Extracted records:
"""

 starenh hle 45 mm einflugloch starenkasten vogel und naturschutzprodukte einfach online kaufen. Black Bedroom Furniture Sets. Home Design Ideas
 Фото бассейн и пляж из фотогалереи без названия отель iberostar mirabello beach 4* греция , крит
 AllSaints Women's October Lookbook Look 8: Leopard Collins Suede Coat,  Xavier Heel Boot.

"""
"""

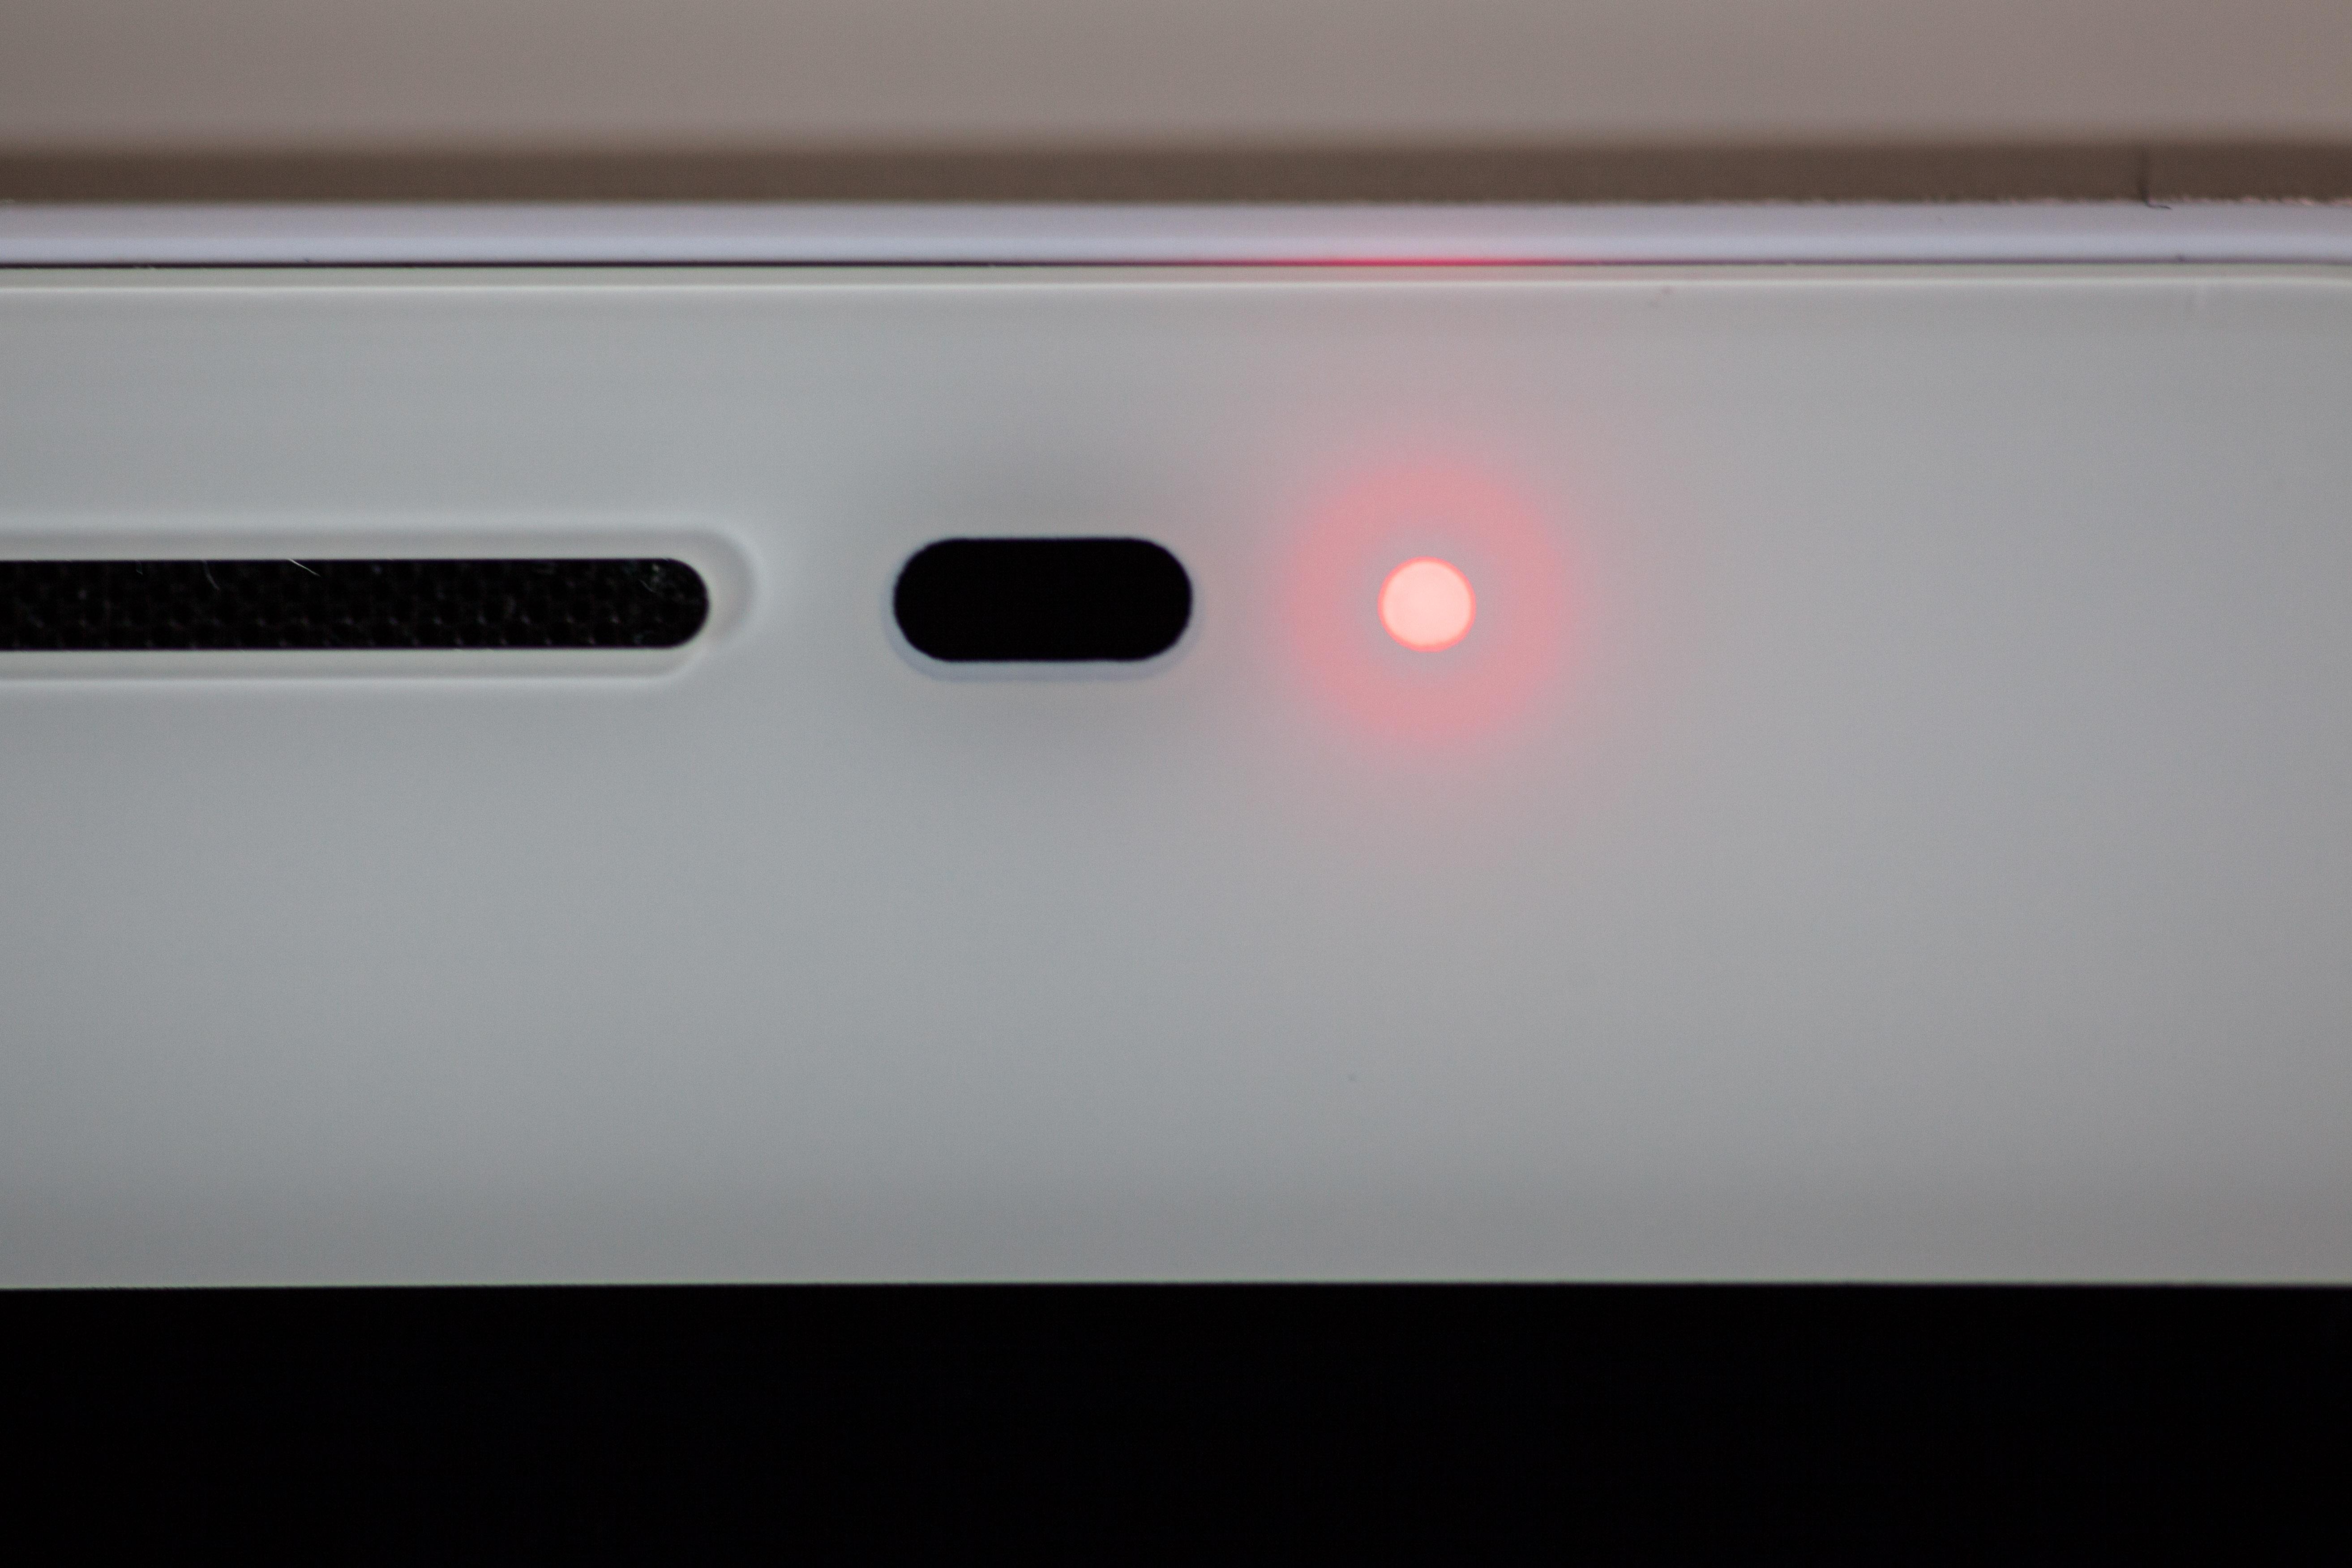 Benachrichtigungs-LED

"""

Task goal:
Using the entries above, give back exactly the line containing "Фото бассейн и", the line containing "AllSaints Women's October", and every line between them, and nothing else.

Finished exercise:
 Фото бассейн и пляж из фотогалереи без названия отель iberostar mirabello beach 4* греция , крит
 AllSaints Women's October Lookbook Look 8: Leopard Collins Suede Coat,  Xavier Heel Boot.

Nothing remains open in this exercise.